The International Maize and Wheat Improvement Center (CIMMYT) is offering a new set of elite, improved maize hybrids to partners for commercialization in the tropical lowlands of Latin America and similar agro-ecological zones. National agricultural research systems (NARS) and seed companies are invited to apply for licenses to commercialize these new hybrids, in order to bring the benefits of the improved seed to farming communities. In some countries, depending on the applicable regulatory framework for commercial maize seed, successful applicants may first need to sponsor the products through the national registration / release process prior to commercialization.
The deadline to submit applications to be considered during the first round of allocations is September17, 2021. Applications received after that deadline will be considered during the following round of product allocations.

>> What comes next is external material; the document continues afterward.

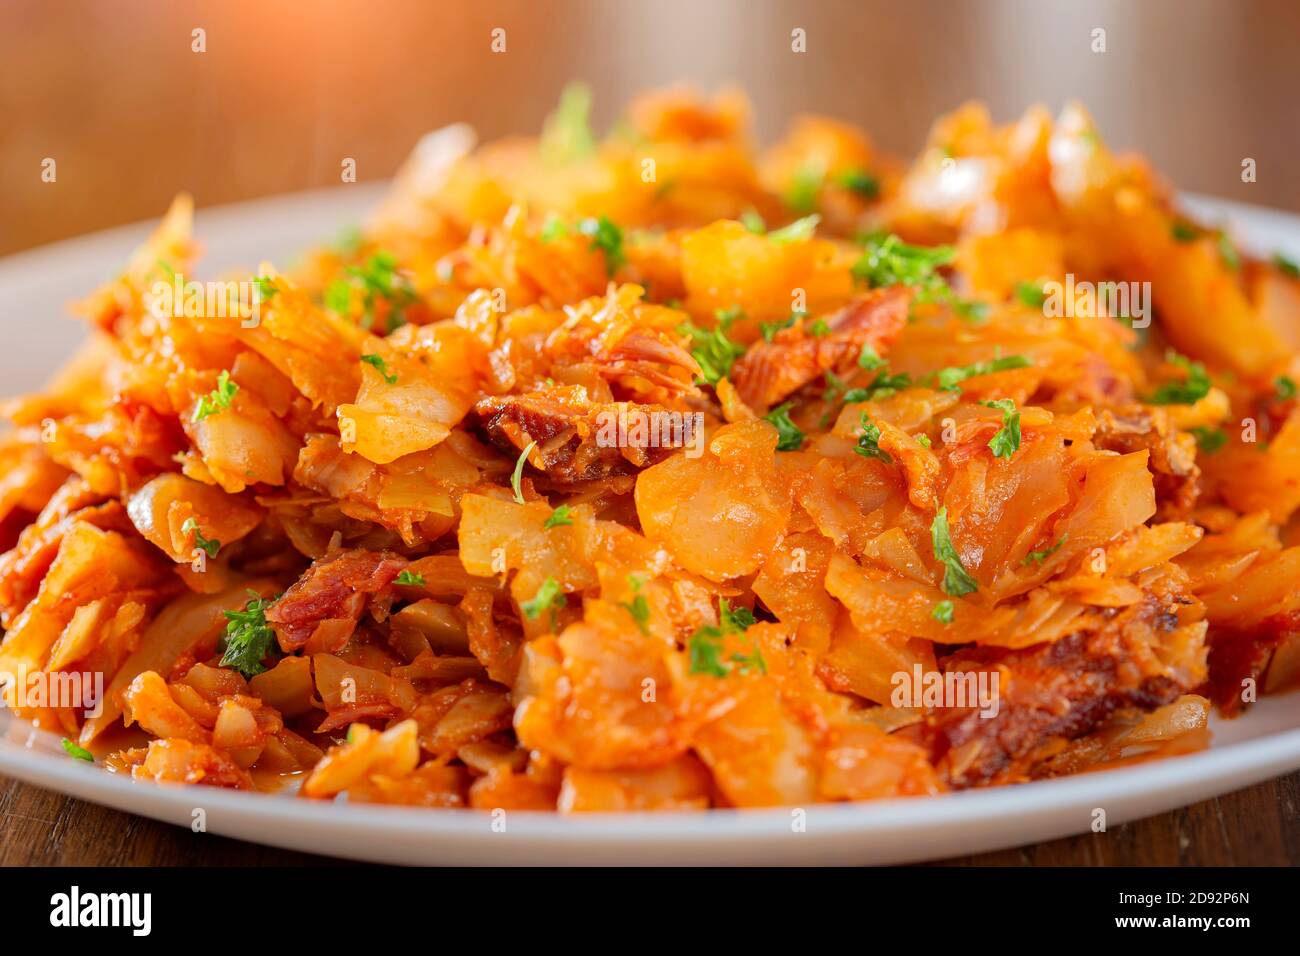 Cabbage stew whith meat from smoked pork ribs Stock Photo

Information about the newly available CIMMYT maize hybrids from the Latin America breeding program, application instructions and other relevant material is available in the CIMMYT Maize Product Catalog and in the links provided below.
Applications must be accompanied by a proposed commercialization plan for each product being requested. Applications may be submitted online via the CIMMYT Maize Licensing Portal in English or Spanish.
Alternatively, applications may be submitted via email to GMP-CIMMYT@cgiar.org using the PDF forms available for download at the links below. Each applicant will need to complete one copy of Form A for their organization, then for each hybrid being requested a separate copy of Form B. (Please be sure to use these current versions of the application forms.)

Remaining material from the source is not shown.